▶ **EXERCISE DESCRIPTION**:
The full listing, exactly as written and with no images, is the expected output.

▶ **GIVEN MATERIAL**:
-*-

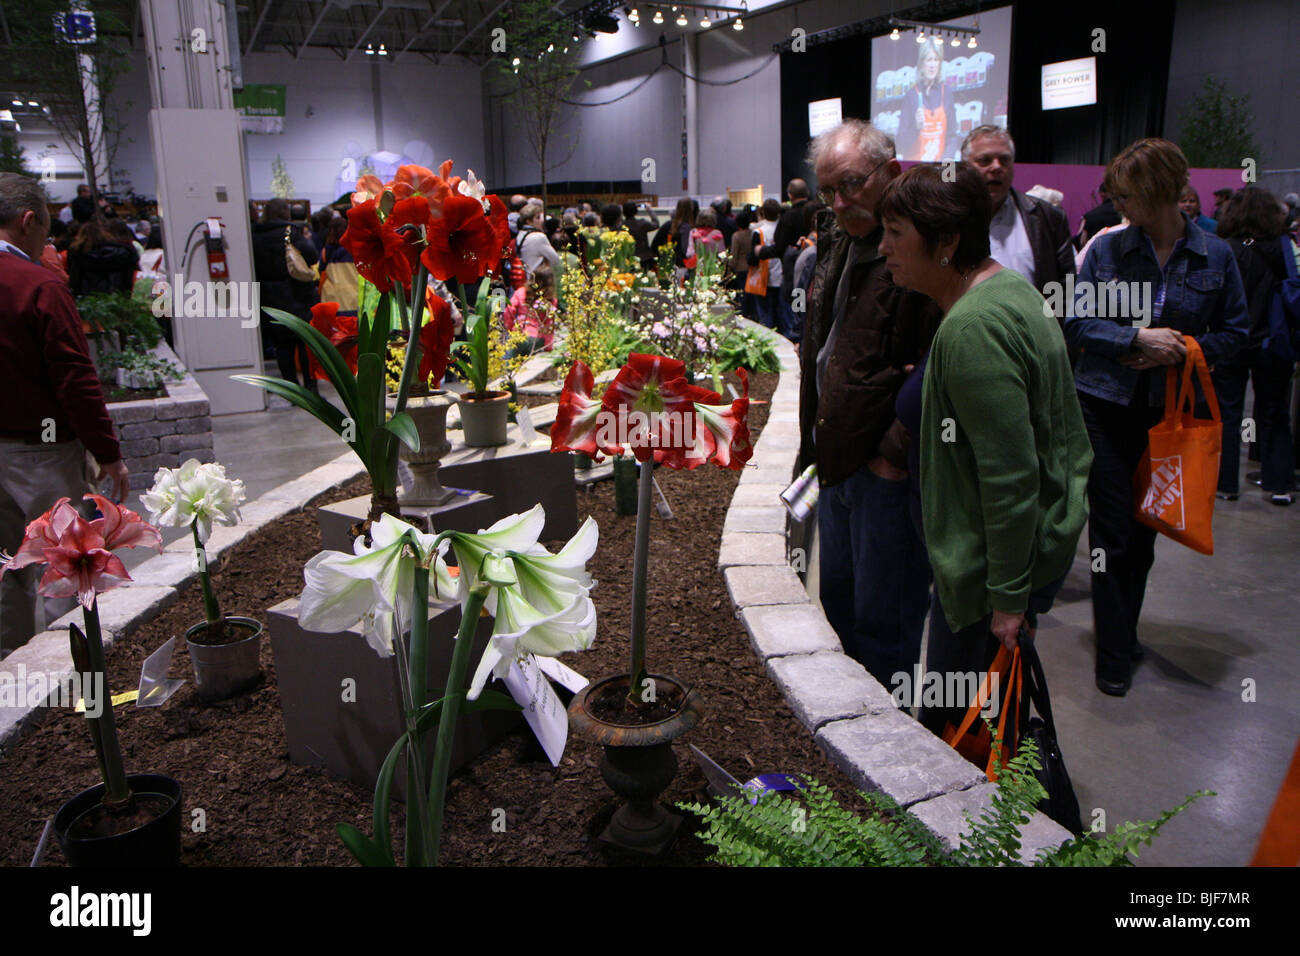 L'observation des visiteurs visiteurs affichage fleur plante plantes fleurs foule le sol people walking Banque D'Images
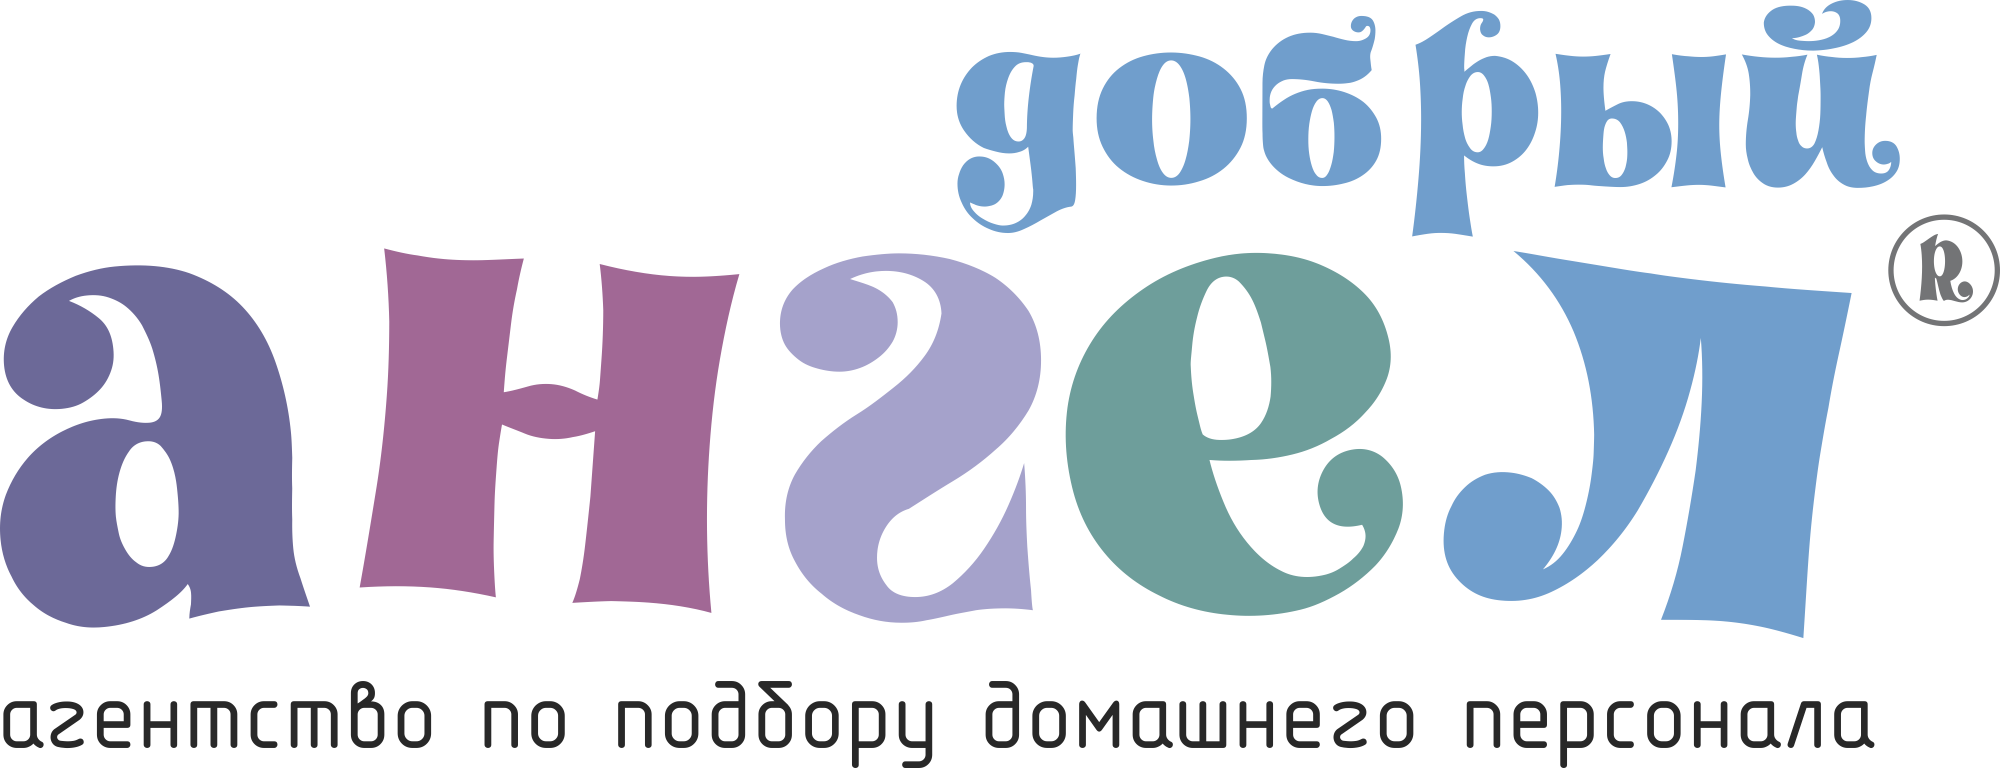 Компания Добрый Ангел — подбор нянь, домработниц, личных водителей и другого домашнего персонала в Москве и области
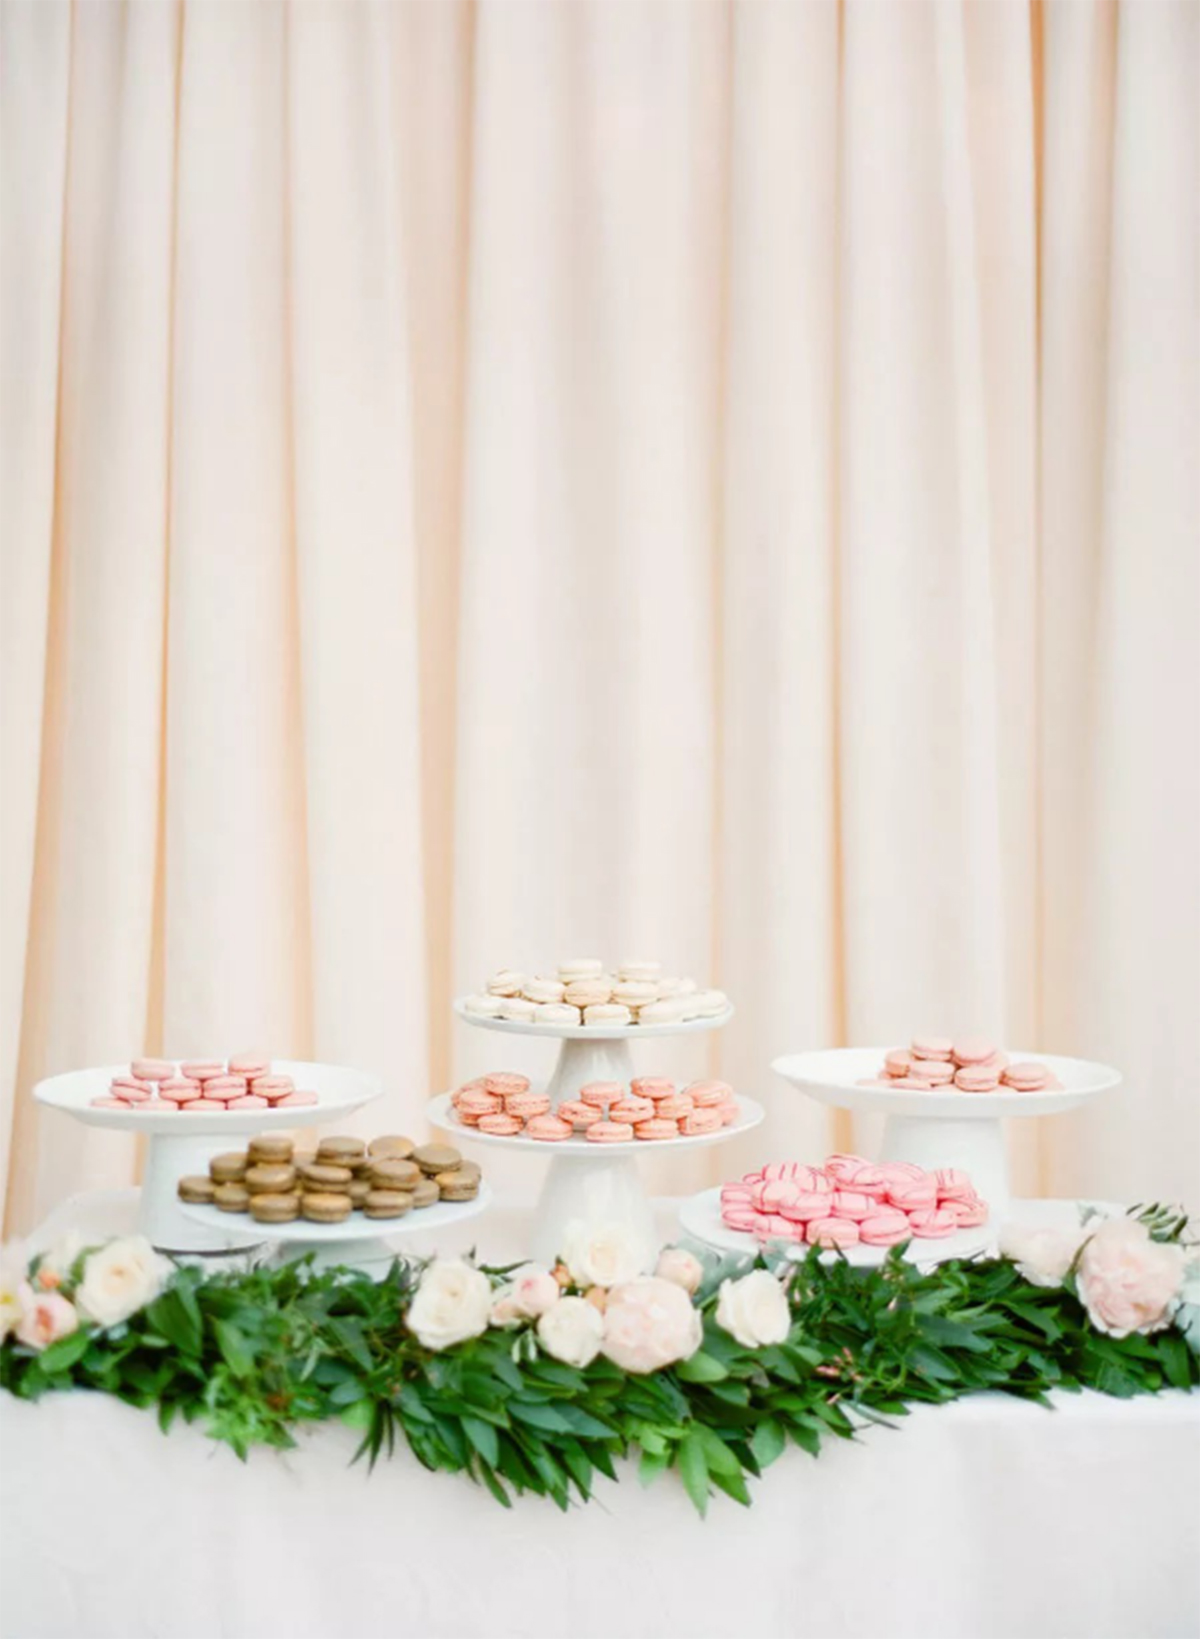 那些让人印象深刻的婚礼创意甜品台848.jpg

-*-

▶ **THE ANSWER**:
 L'observation des visiteurs visiteurs affichage fleur plante plantes fleurs foule le sol people walking Banque D'Images
 Компания Добрый Ангел — подбор нянь, домработниц, личных водителей и другого домашнего персонала в Москве и области
 那些让人印象深刻的婚礼创意甜品台848.jpg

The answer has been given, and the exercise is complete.